Matt: I do think we will get there. I think it’s going to be longer than a lot of people would like. If you look at the way that most of the cloud native infrastructure is heading, look out 5, 10, 15 years, I can totally buy that people are mostly going to be writing their applications as functions. You know, they’re using lambdas and serverless, and all that stuff. At a visionary level, that sounds great. People write application logic snippets, you can talk to a database that you don’t really need to know how it works, and you can make network calls to functions, and it just works.
Unfortunately, we can barely run our container-based infrastructures today, let alone serverless, which I would argue is an order of magnitude more complicated in terms of the concerns around auto scaling and dynamic infrastructure, and networking, and observability. We’re just not there yet.
So, if I look out 10 years, I do think that eventually we will be using a lot more pre-canned solutions, where a lot of things will be a lot more automatic in terms of write some code snippets, have them run. The operational concerns around deploying, and all of those things, they’re just going to work. That doesn’t mean though, that 10, or 15, or 20 years from now, when people are writing their applications with amazing functional substrates, it doesn’t mean that there doesn’t have to be a reliability culture. Because you can write a functional snippet that breaks all of production.

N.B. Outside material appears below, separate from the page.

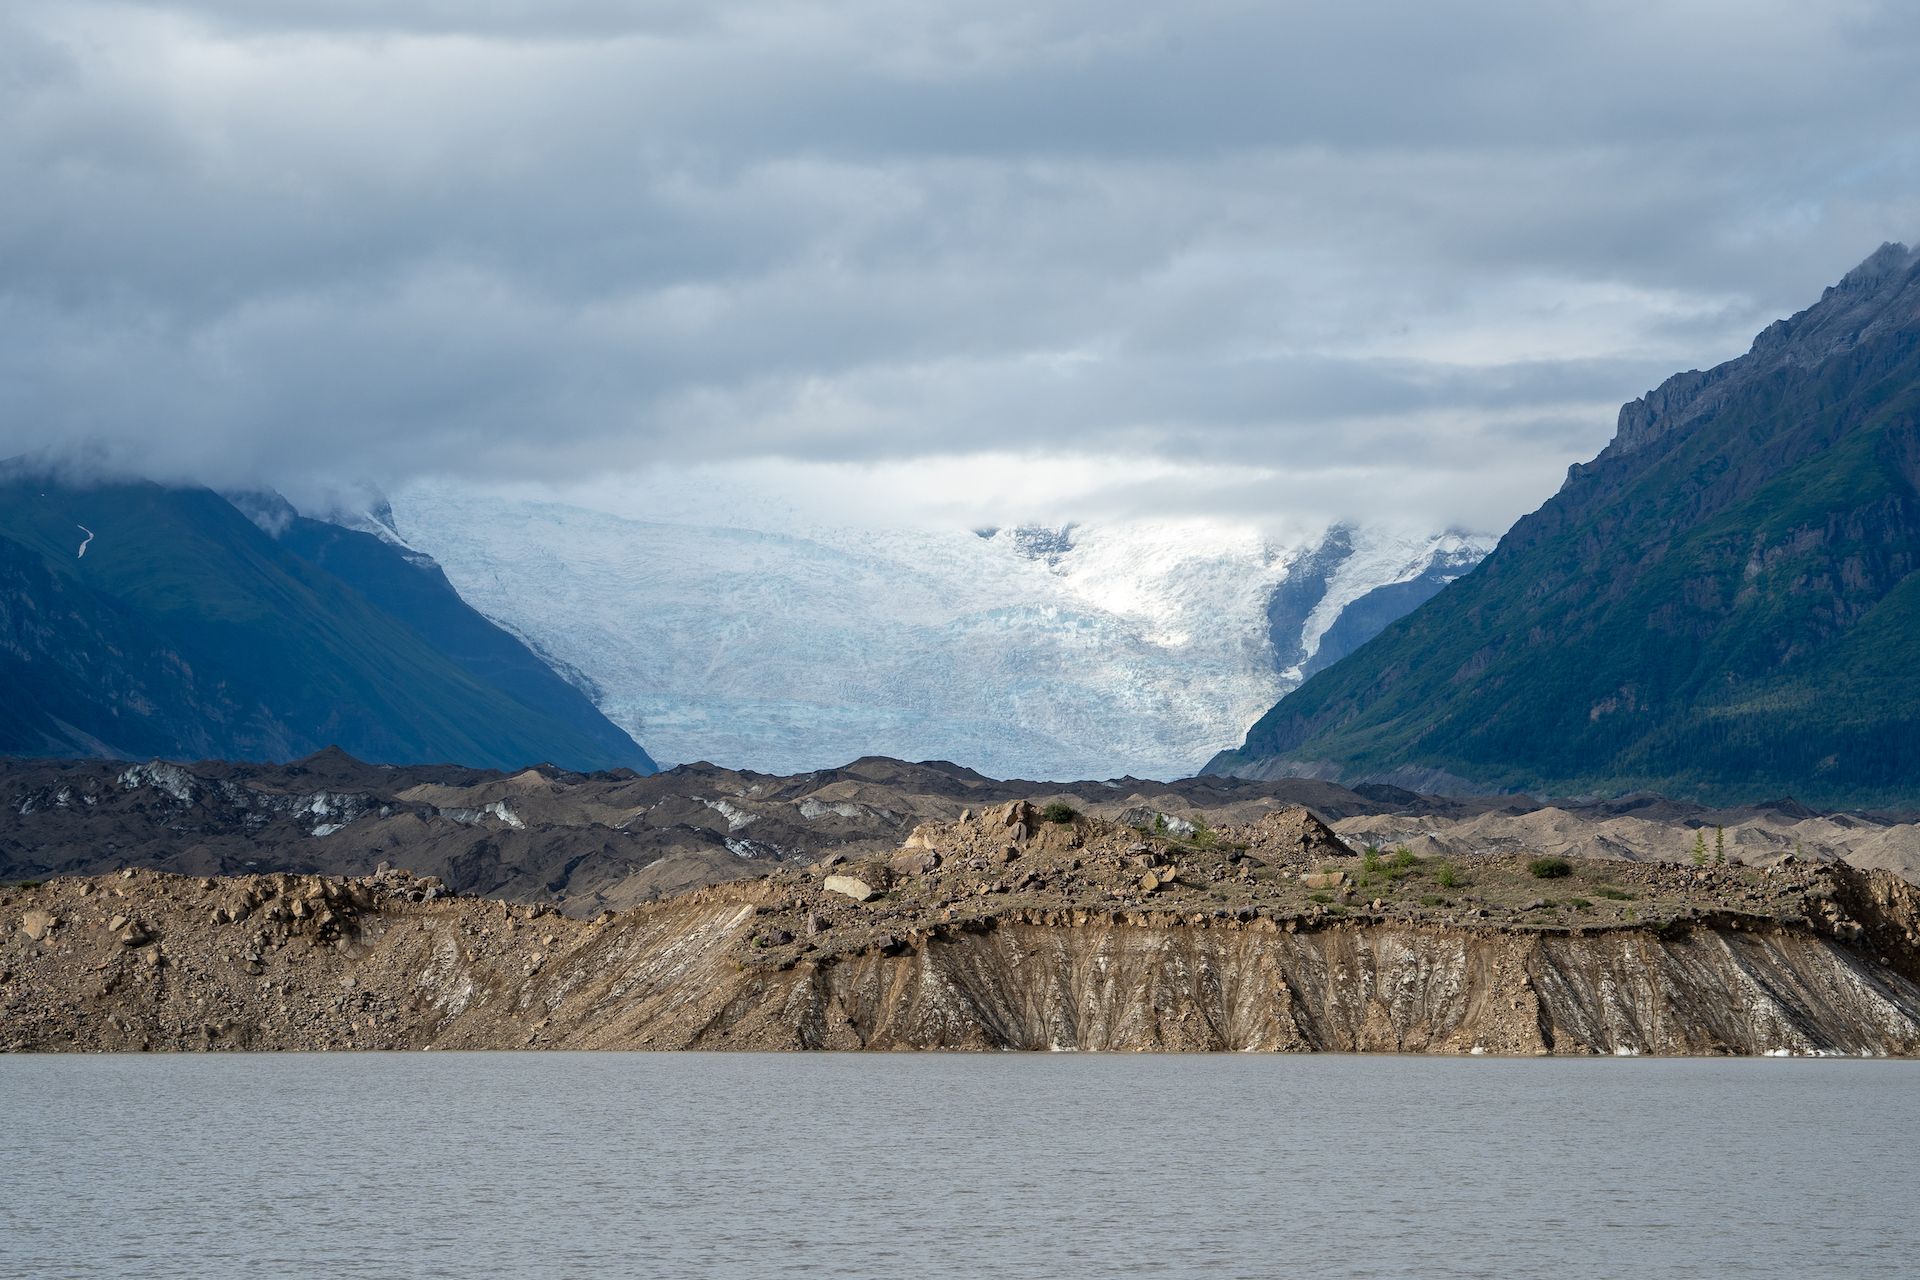 Picture taken from where we camped. At the toe of the glacier, you can clearly see the different stages of the glacier from pure blue ice to moraine to water.
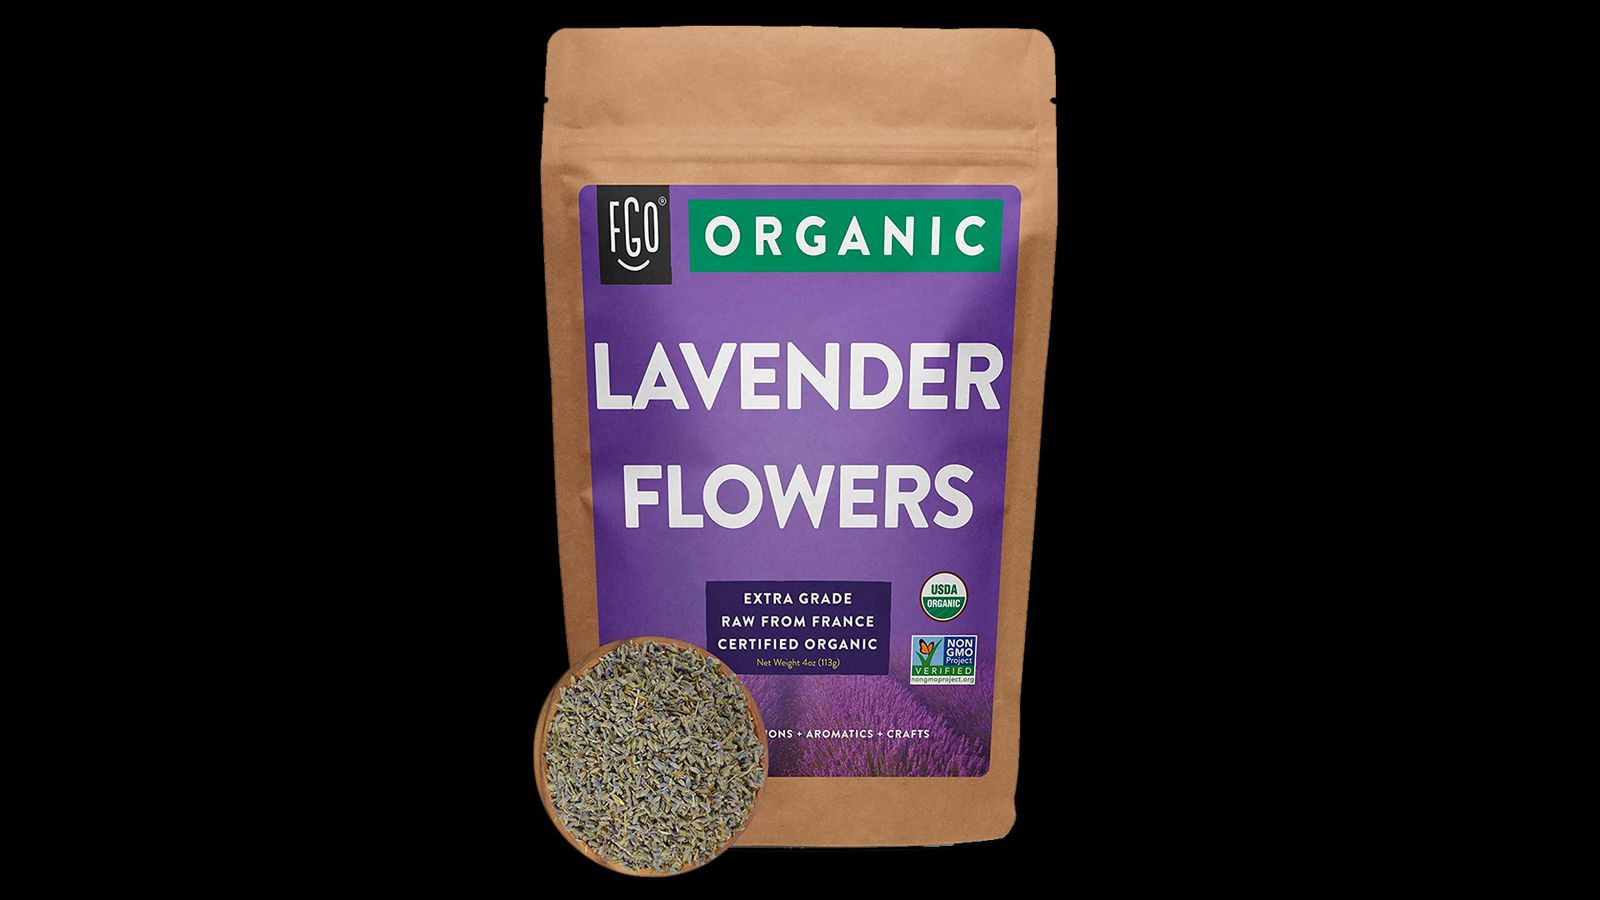 FGO Organic Lavender Flowers product image of a brown bag with purple and green labelling.

I do believe that over time, cloud native infrastructure will become easier to use. A lot of the stuff that we struggle with today in terms of how people do data storage, and how people do multi-region, and how they do routing, and all of these things that are a mess today—I think a lot of them are going to become just built in to cloud platforms. But there’s still all the human concerns around thing like “okay, just because the cloud platform supports this amazing canary system, do people use it?” You can’t force people to do things. You can’t force people to use feature flags. You can’t force people to think about how to test their software.
So I don’t think we’re ever going to reach a point in which we get rid of this reliability engineering role. I think there always is going to have to be this duality of roles, where we have people that are thinking about product, we have people that are thinking about reliability. It may be that in the future, what took 200 people on an infrastructure team takes four, but it doesn’t mean that we don’t still have to be thinking about these basic human things.